SUPPLIED INFORMATION
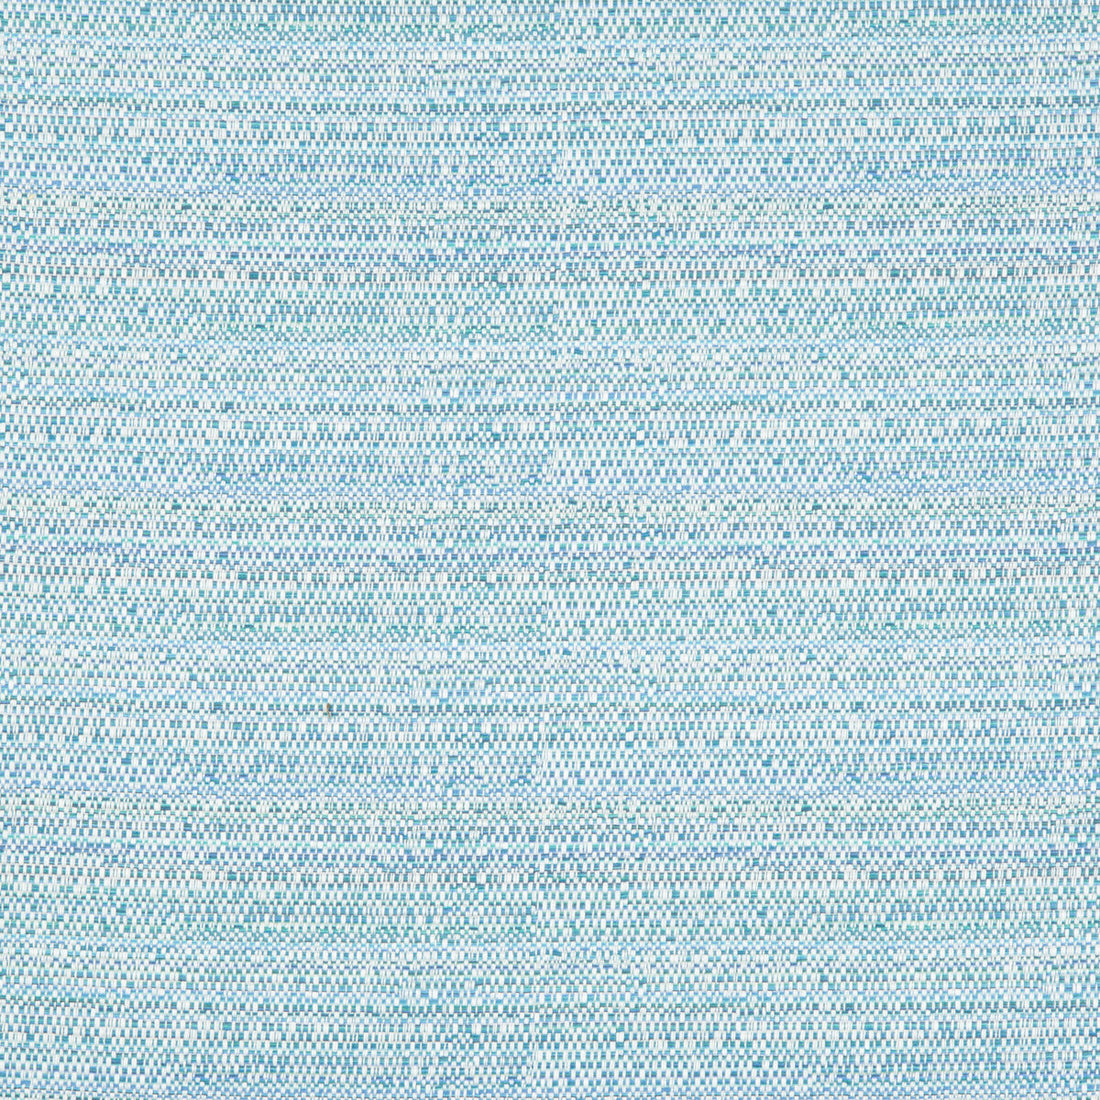 Melanger fabric in peacock color - pattern 31695.13.0 - by Kravet Couture in the Echo Indoor Outdoor Ibiza collection
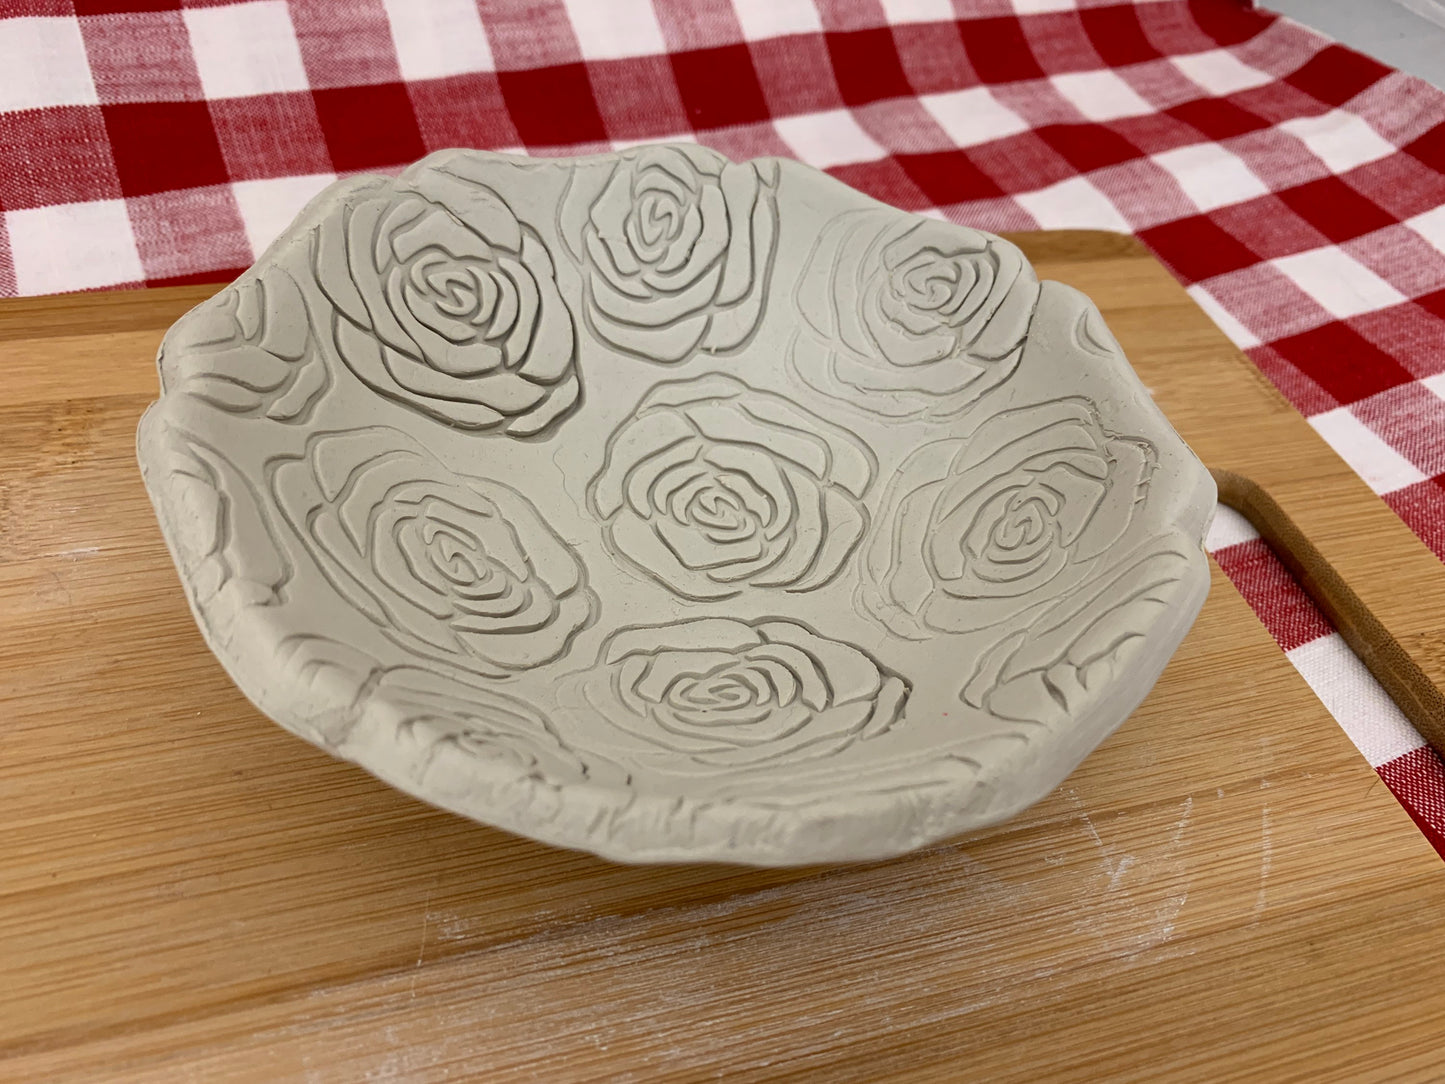 Rose Design, Pottery Stamp or Stencil w/ cutter, multiple sizes
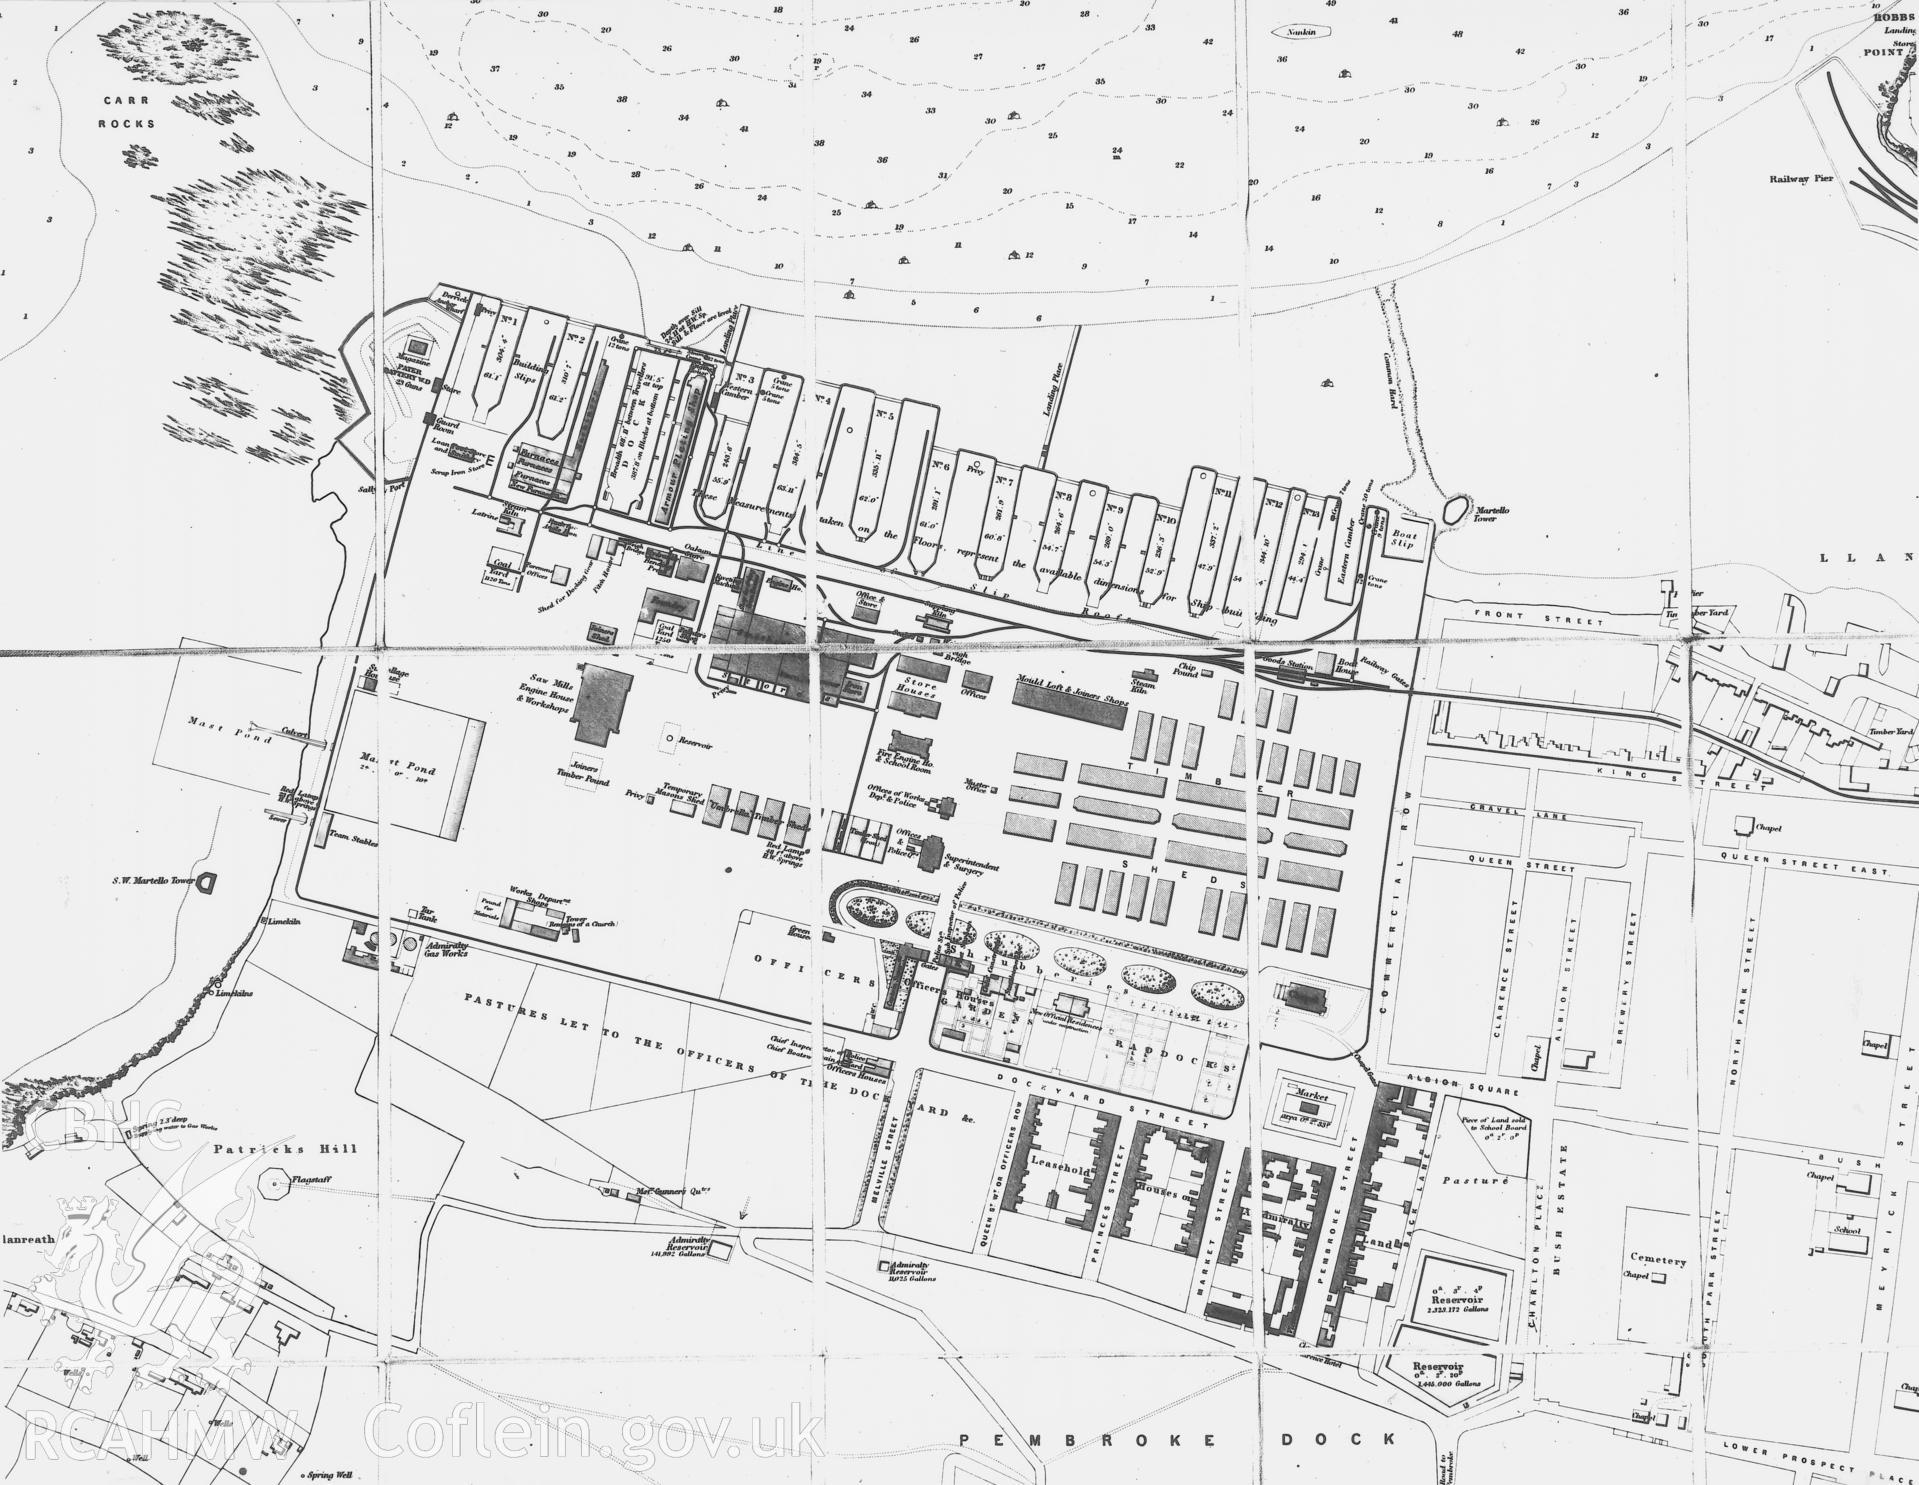 Pembroke Dockyard; photographic copies of three large scale plans showing the layout of the dockyard, origin uncertain.
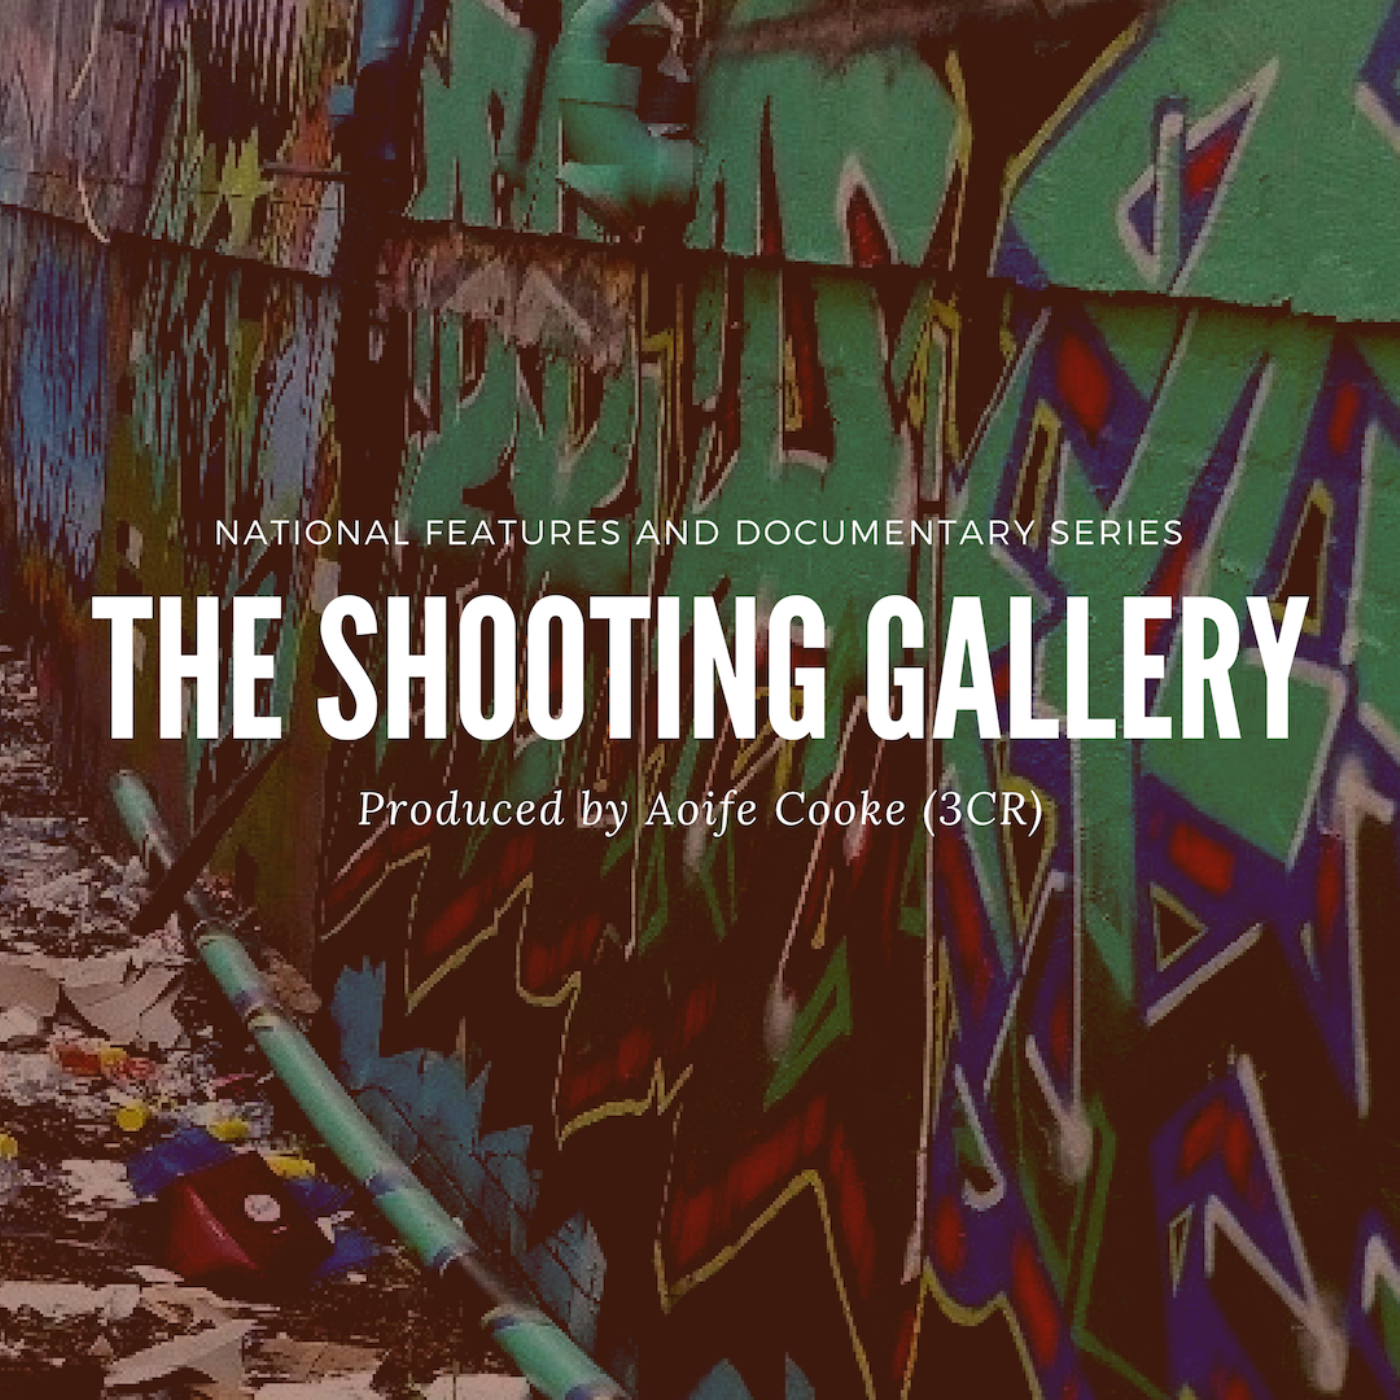 The Shooting Gallery (3CR, Melbourne)

THE PROBLEM
Where the line containing "Pembroke Dockyard; photographic" appears, begin writing out the lines word for word, and continue through the last line of the data, leaving out pictures.

RESULT OF THE TASK
 Pembroke Dockyard; photographic copies of three large scale plans showing the layout of the dockyard, origin uncertain.
 The Shooting Gallery (3CR, Melbourne)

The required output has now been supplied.